The program will begin in homerooms, where parents of students in grades nine through 11 will be able to see their children's portfolios.
Principal Scott Pfeifer invites parents to have coffee with him at 8 a.m. Feb. 3 to share ideas and concerns for helping River Hill become the best it can be.
Don't miss the Old-Fashioned Chili and Corn Bread Supper from 4 p.m. to 7 p.m. Saturday at Poplar Springs United Methodist Church, Watersville Road, Mount Airy.
Tickets are $5 for adults. Children younger than 6 pay $2.50.
Five learn lessons
Five fourth-grade students at Lisbon Elementary School have learned an important lesson about how to help others and how to motivate their fellow students to support their efforts.
The students -- Samantha Snoots, Afton Vechery, Melanie Midkiff, Lacey Orndorff and Elizabeth Ferris -- participated in a research project that involved identifying a problem and attempting to discover a solution.
Their problem: how to help Highlandtown Elementary School, on South Eaton Street in Baltimore, obtain enough books to create a media center.
The girls decided to hold a book drive. They designed posters and announcements to alert the school community.

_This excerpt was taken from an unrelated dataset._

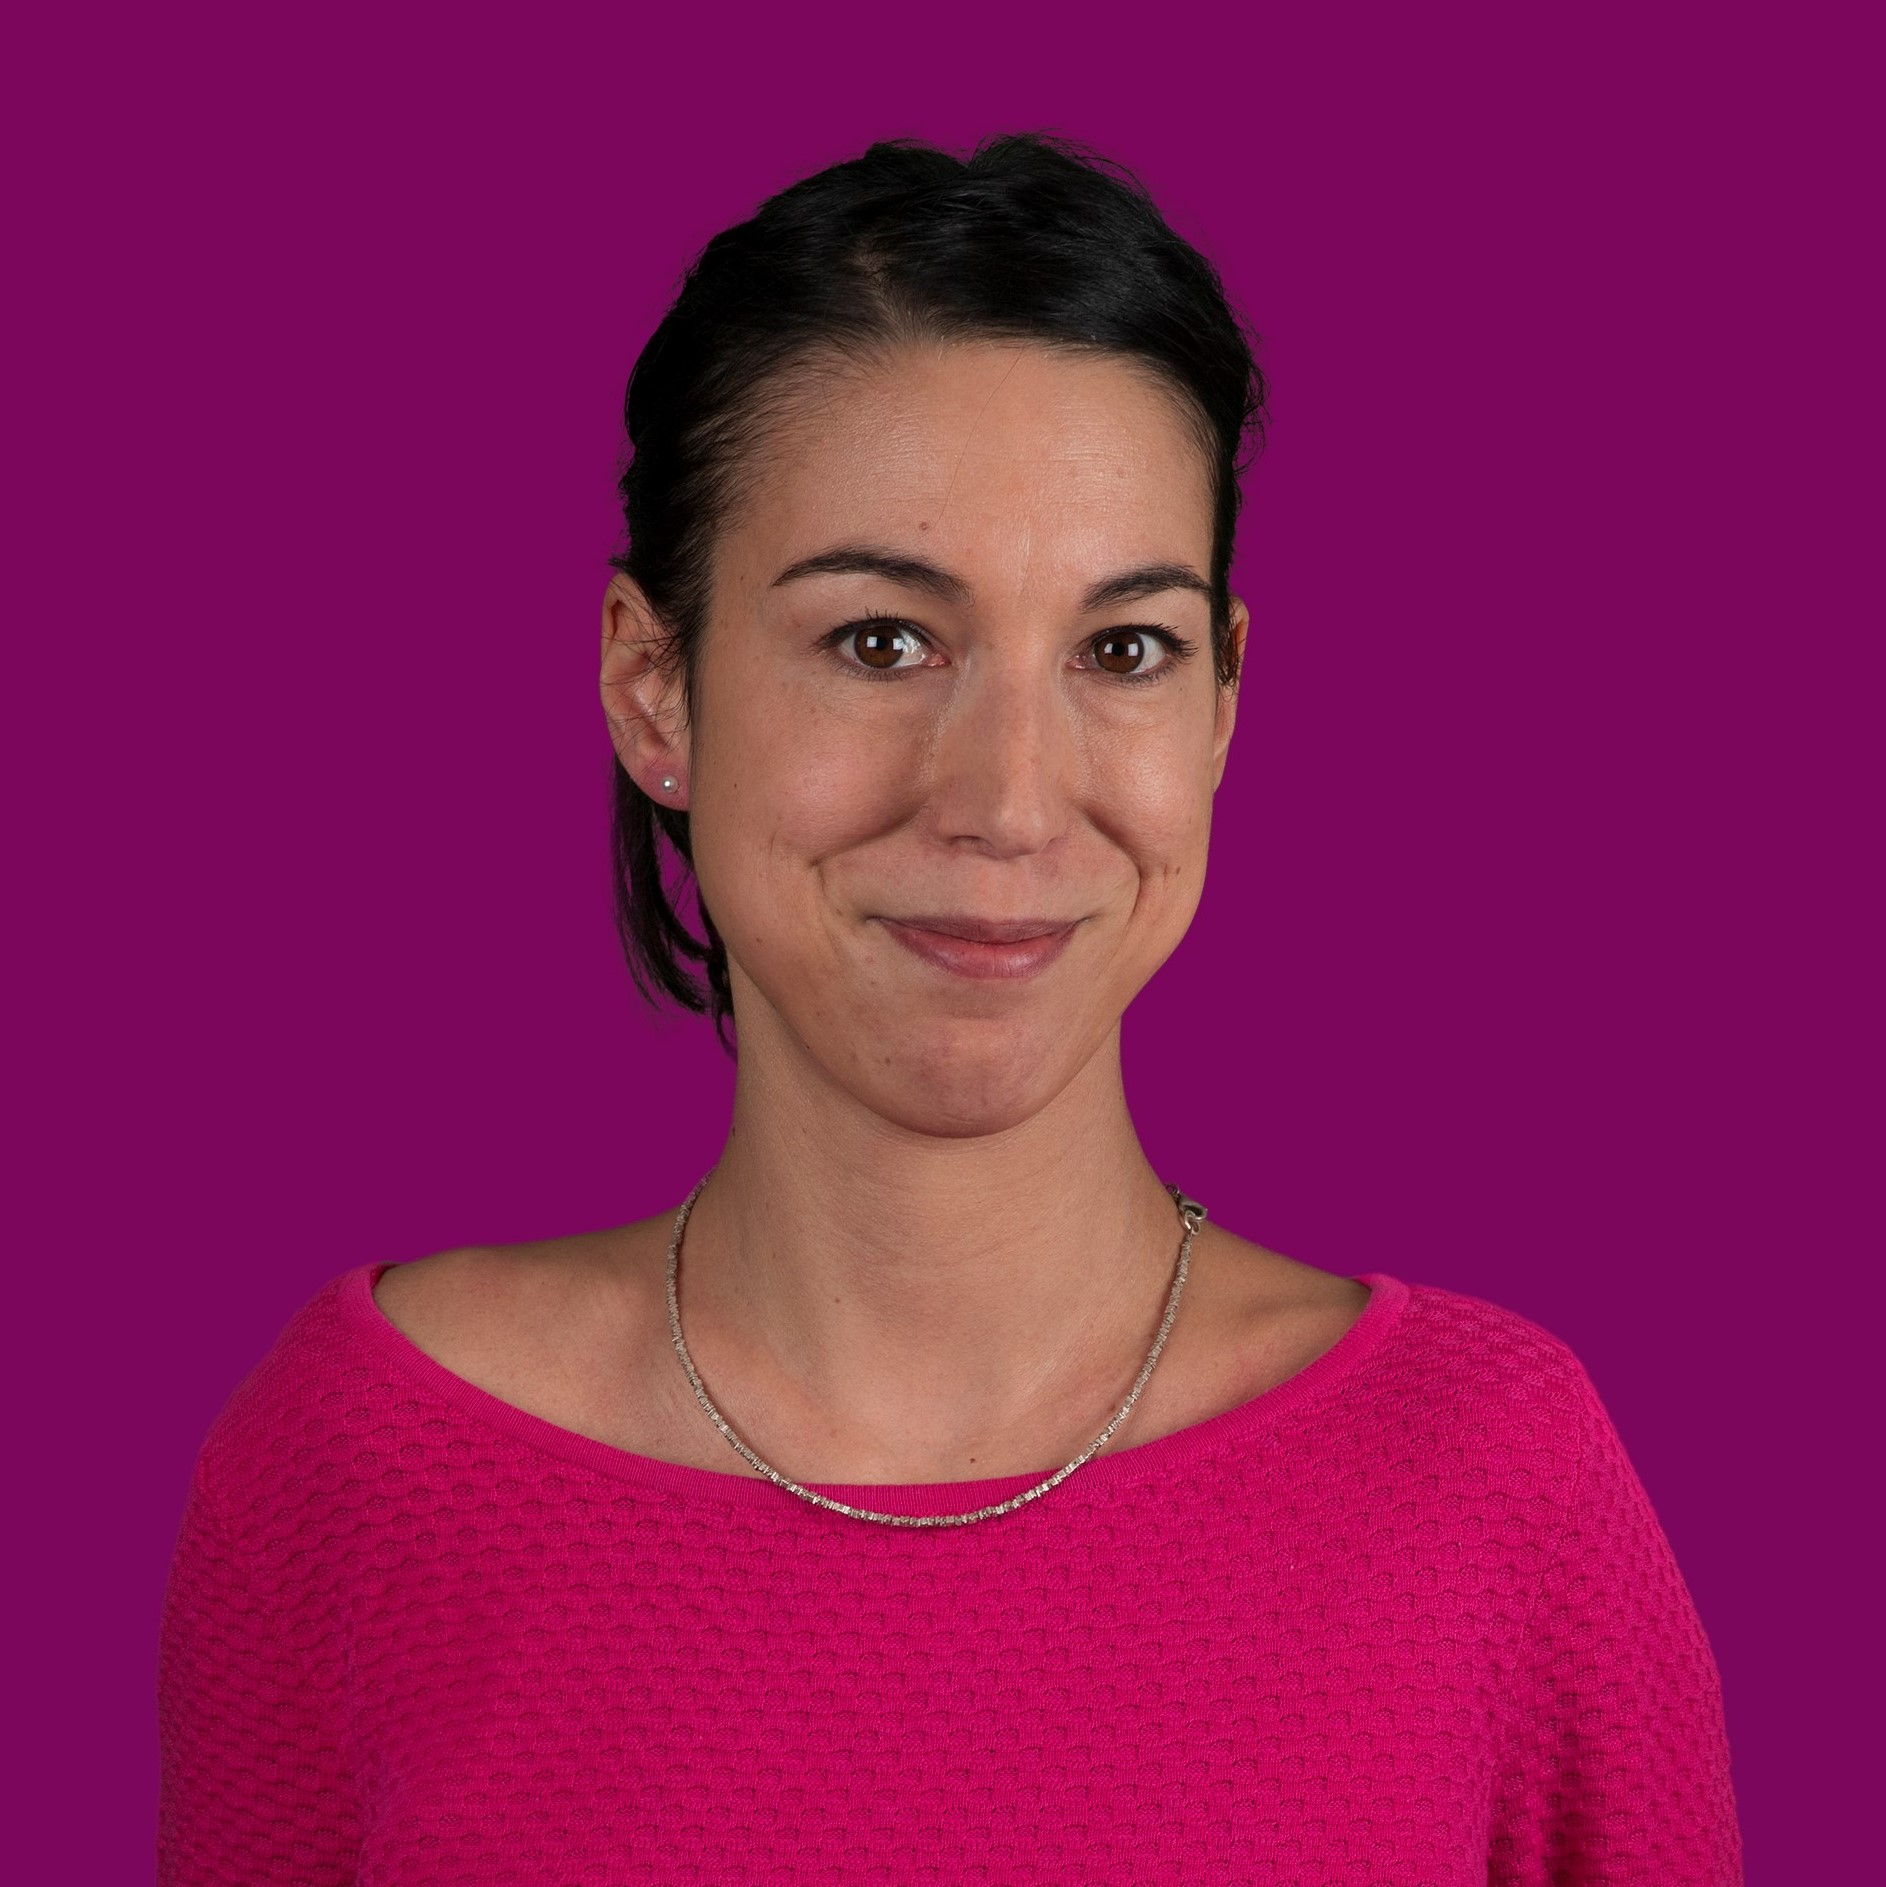 6. Audrey SCHMID

As an incentive for students to participate in the book drive, the five girls decided to donate Beanie Babies from their own collections as prizes in a weekly raffle.
For every book that was donated, the donor received a raffle ticket.

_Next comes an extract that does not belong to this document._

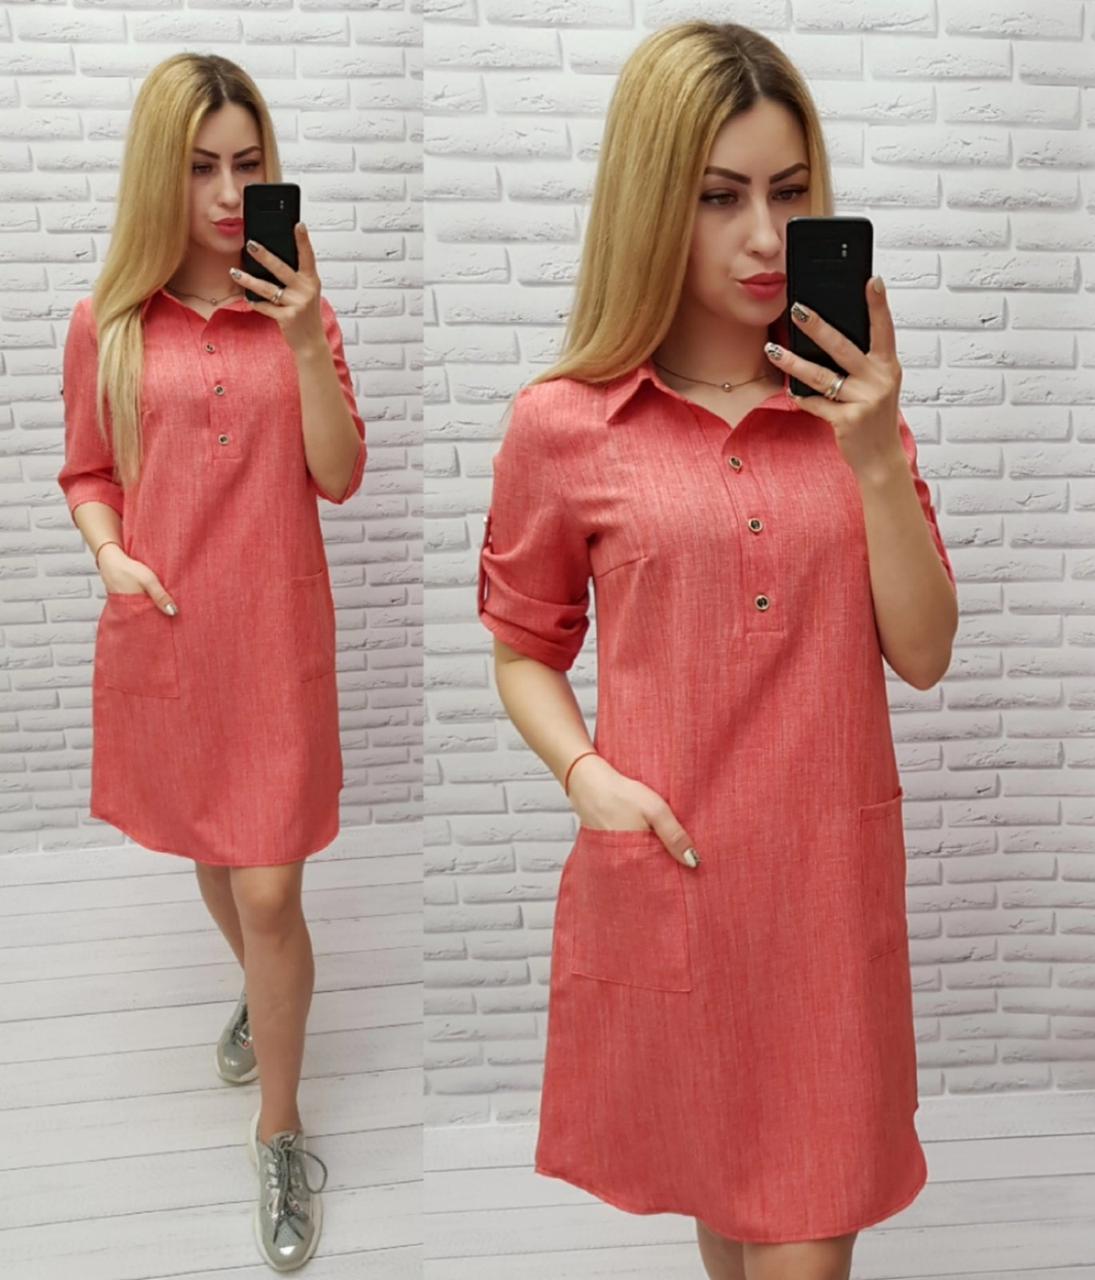 Арт831 Хлопковое платье-рубашка с карманами однотон, коралл/ алого/ кораллового цвета

The drive lasted four weeks, and the girls collected 28 boxes containing more than 2,000 books.
On Dec. 21 the students -- accompanied by parents, Principal Lou Chillemi and Gifted and Talented Enrichment teacher Jennifer Palich -- delivered the books.
Highlandtown Elementary School Principal Yvonne Garner invited the girls to read their favorite books to first-grade classes.
"These students have worked incredibly hard on this project," Palich said.
They collected and sorted the books, conducted the raffle and involved other community organizations.
"I think they have accomplished their goal of helping people, especially by helping other kids," Palich added.
The 4-H Daisy Agriculture Club held its Achievement Night last week at the Lisbon Fire Hall.
On hand for the occasion were County Executive James N. Robey and his wife, Janet.
Club President Megan Rynarzewski discussed highlights of the club's year, which included making crafts for a retirement home and sending two members -- Megan and David Nunke -- to the National 4-H Conference in Atlanta.
Jane Stull, a 4-H adviser for many years, was honored for her contributions to the organization. She handed out awards at the ceremony.
New officers were inducted. Megan Rynarzewski is president, and Leanne Novak is vice president.
Tami Torano will serve as recording secretary, and Niki Price is corresponding secretary.
The treasurer is Robert Rynarzewski.
Allison Novak is the reporter, and Jackie Thomas and Kelsey Torano will be the club's historians.
Heather Rynarzewski -- Robert and Megan's older sister -- was honored for her 12 years of 4-H service.